TASK PROMPT
Produce a word-for-word copy of the listing below without its pictures.
--- MATERIAL PROVIDED ---
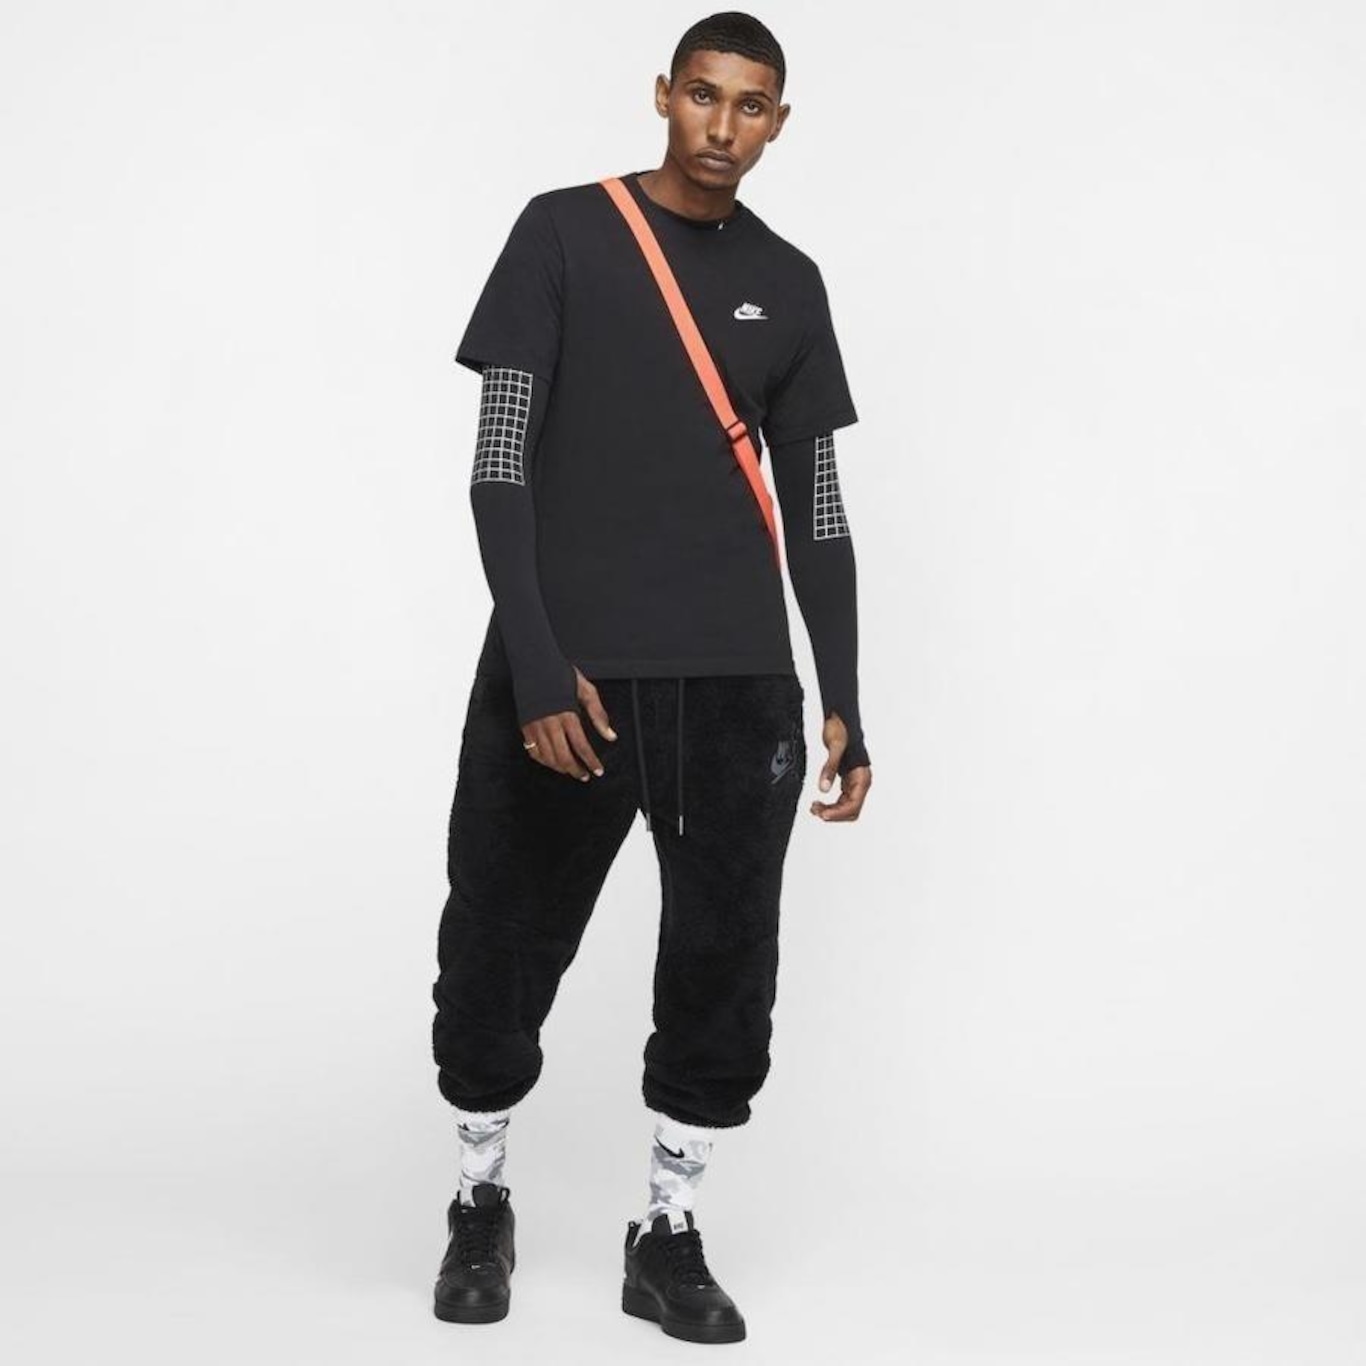 Calça de Moletom Nike Sportswear Jogger Air Flc Branca - Compre Agora
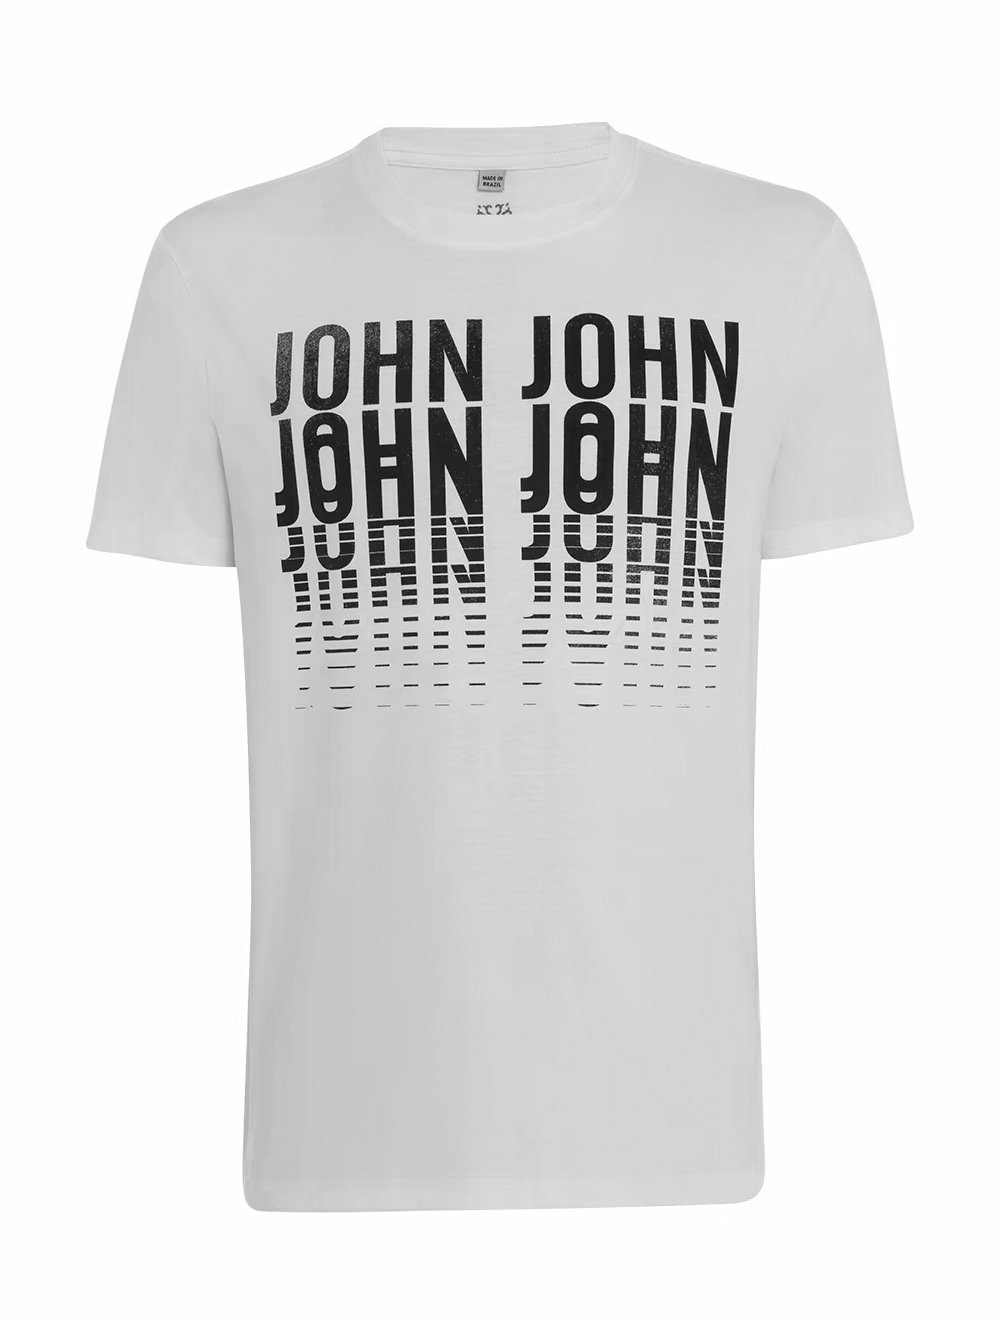 Camiseta John John Cruise Branca - Compre Agora
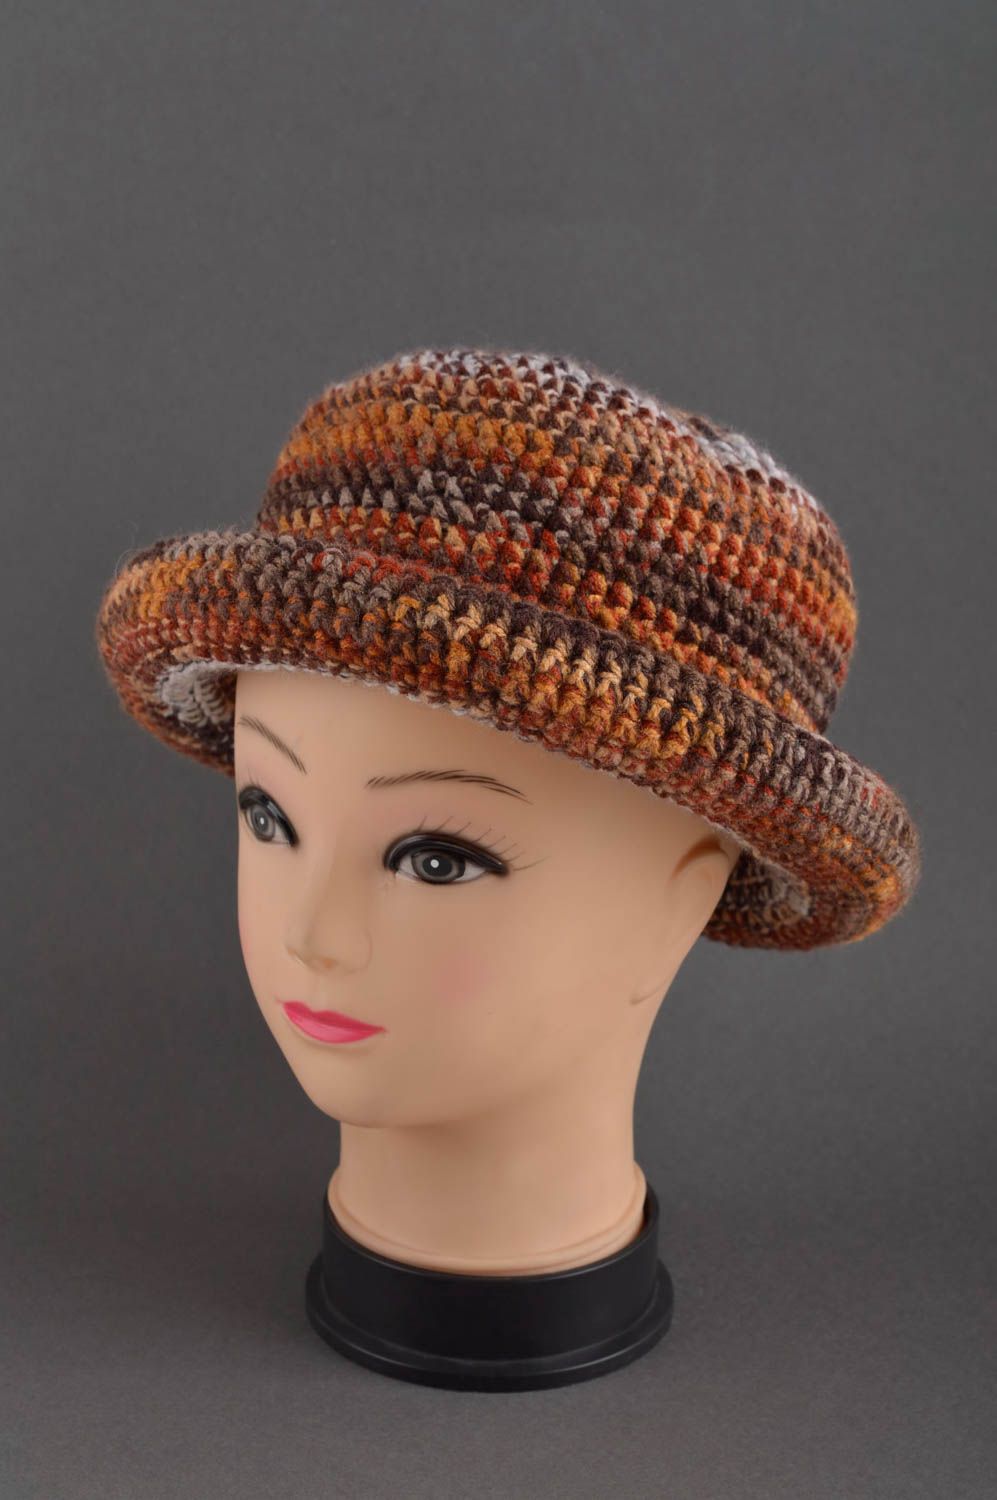 Handmade gehäkelter Hut Damen Accessoire ausgefallener Hut für Winter stilvoll foto 1
---
RESPONSE AREA
 Calça de Moletom Nike Sportswear Jogger Air Flc Branca - Compre Agora
 Camiseta John John Cruise Branca - Compre Agora
 Handmade gehäkelter Hut Damen Accessoire ausgefallener Hut für Winter stilvoll foto 1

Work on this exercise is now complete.